Fluid Preservation

I’ll be travelling back up to Manchester today from London, but I just spent the last four days on Simon Moore‘s incredible Fluid Preservation Course at the Horniman Museum and Gardens. The course consisted of lectures, practical demonstrations and the basics on how to rehydrate, fix and preserve specimens. I won’t go into great detail about the practicalities of the course, as it was a lot of information to take in and the best way to learn really is to go on the course!

We had a lecture in the morning every day before heading to the conservation lab to work on our specimens. Lectures covered the history of fluid collections, fixation, historical sealants, how to mount pelagic specimens, botanical preservatives, label ink, problems with contaminants and testing fluid. On our first day we were told to choose two specimens from a selection that had been brought up from storage. All the specimens were completely dehydrated and in need of TLC. I chose a chameleon and a porcupine fish.

The first thing we needed to do was rehydrate the specimens. They were placed in a solution of Decon-90 and placed on a hotplate, where they were kept at a low temperature. My chameleon was a dull, nondescript grey when I started out, but as he slowly absorbed the Decon-90 he began to take on a pink colour.

By the time he was ready, he was a lovely purple colour!

My porcupine fish didn’t have quite such a dramatic colour change, but it did swell up a bit. Next I injected both the chameleon and fish with a fixative of Formalin. The specimens were also left overnight in the formalin. The following day I started the Porcupine fish on an “alcohol ladder”- this is where the specimen is slowly brought up in increasing strengths of alcohol solution, finally being preserved in 80% alcohol.

The Chameleon was a different matter. First, its eyes were rather sunken after being dried up for so long, so at Simon’s suggestion I removed them and placed a gelatin pocket behind each one. This gave the reattached eyes the appearance of looking more natural.

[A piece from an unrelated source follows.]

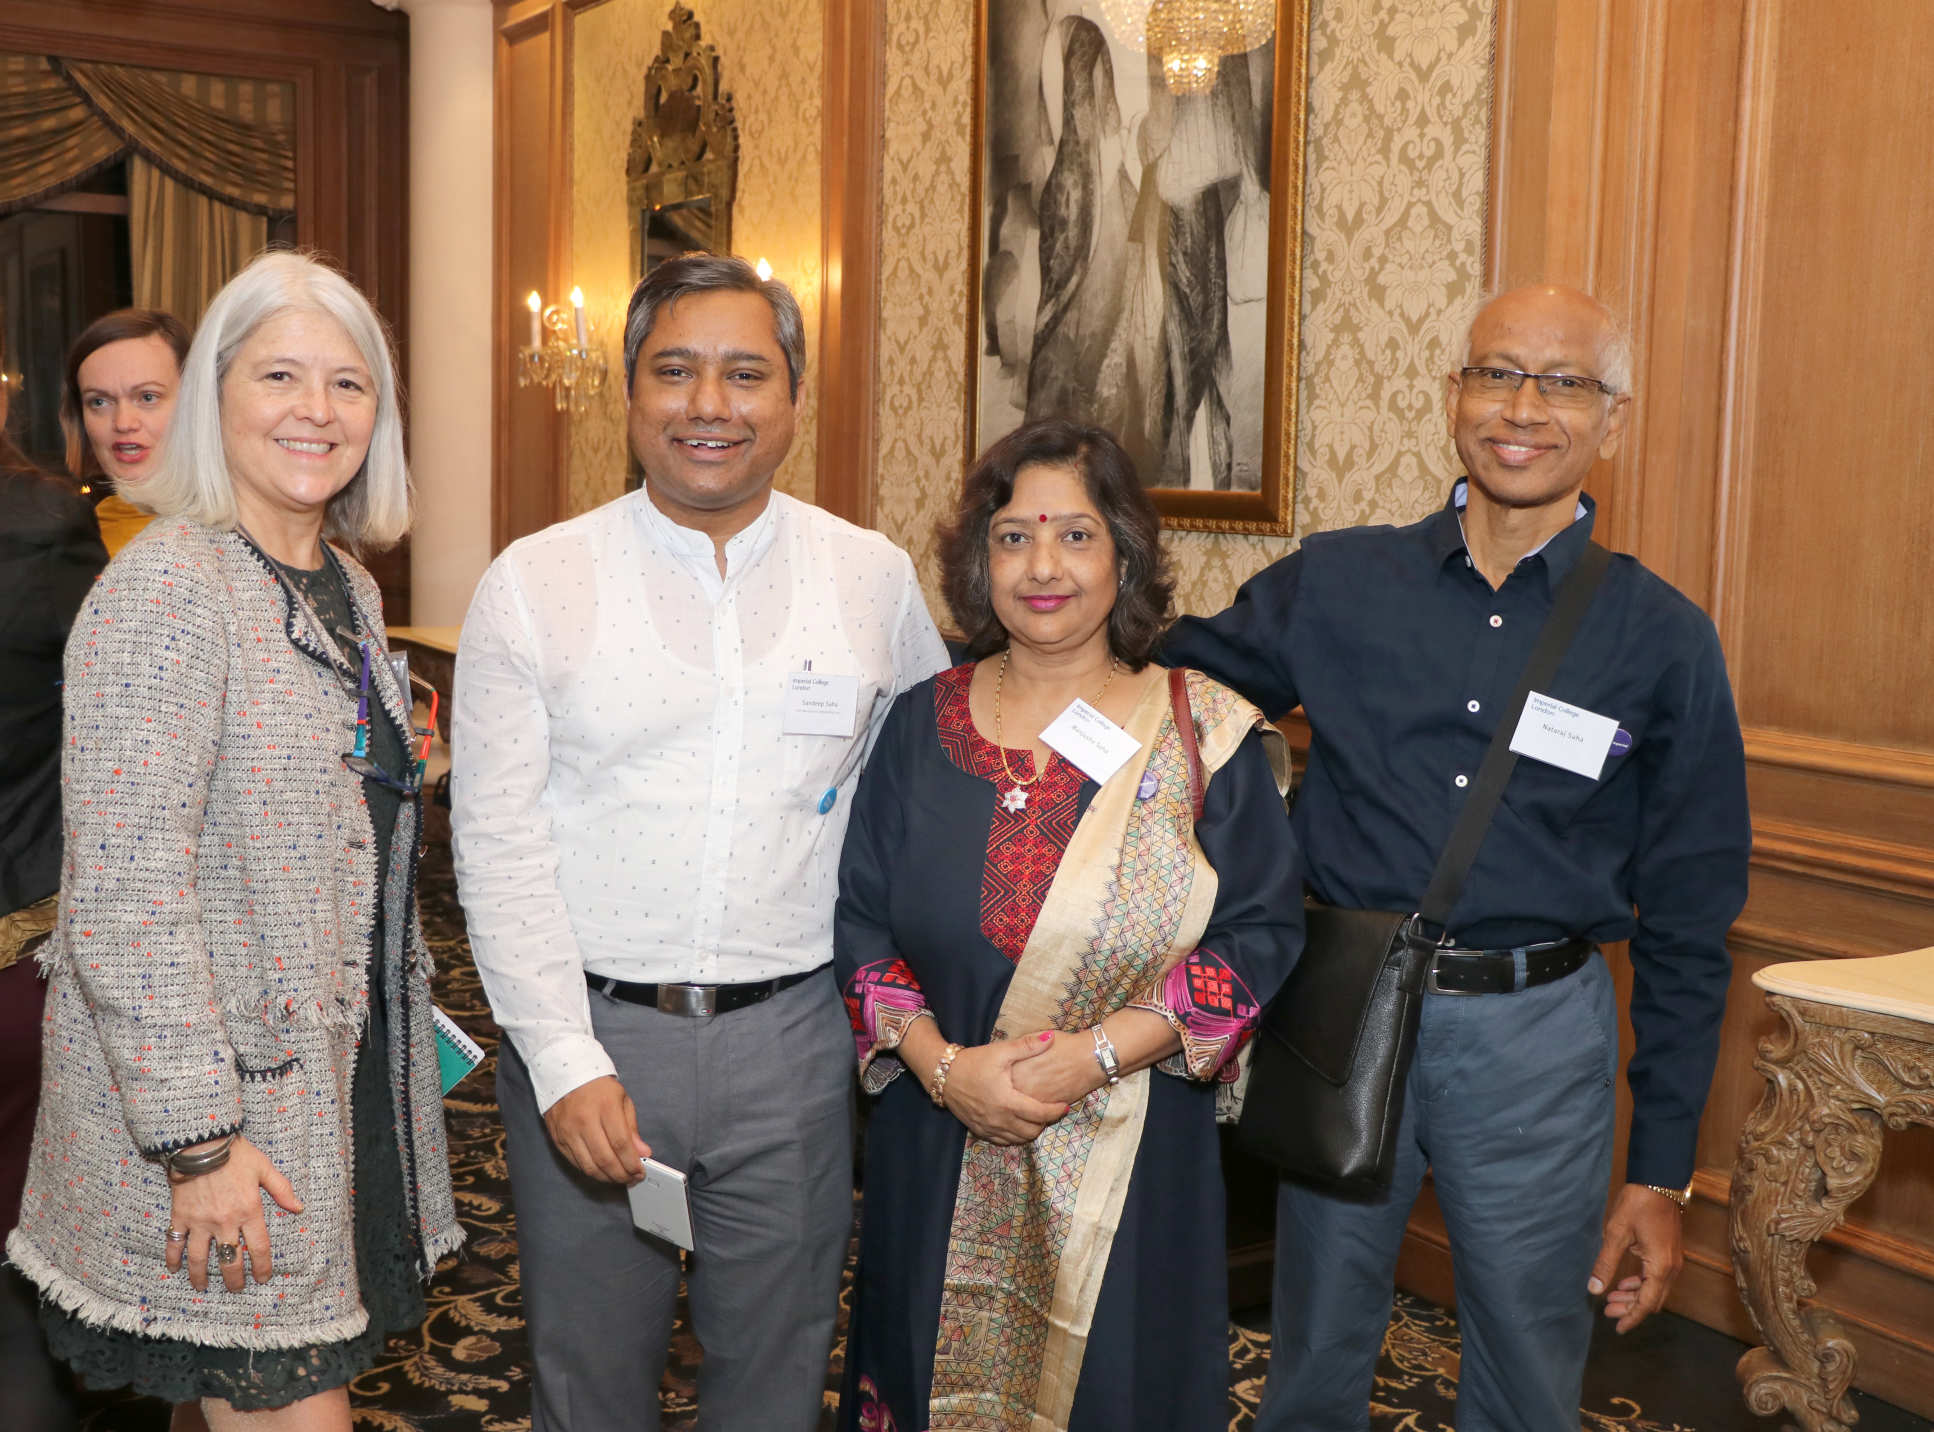 Alumnus Sandeep Saha with his parents and Nicola Pogson, Director of Alumni Relations

The chameleon was then placed in 5% formalin. I used formalin rather than alcohol for this specimen because formalin preserves colour better. I then used a large curved needle to thread some monofilament through the specimen so I could tie it to a glass backing plate. (We also had practical demonstrations on how to cut glass, drill glass, grind glass and seal glass jars.)

Here I am adjusting my chameleon’s new label:

Another great thing about the course was meeting new people and seeing old friends. Here’s my museum buddy Rachel Jennings working on a tree frog specimen:

I also worked on a sea slug and small octopus. The following are some before and after pics of the specimens
Before:

Backing plate:

After:

Before:

After:

Before:

After:

Hope you enjoyed this post! I highly recommend going on the course if you’re interested in caring for spirit collections.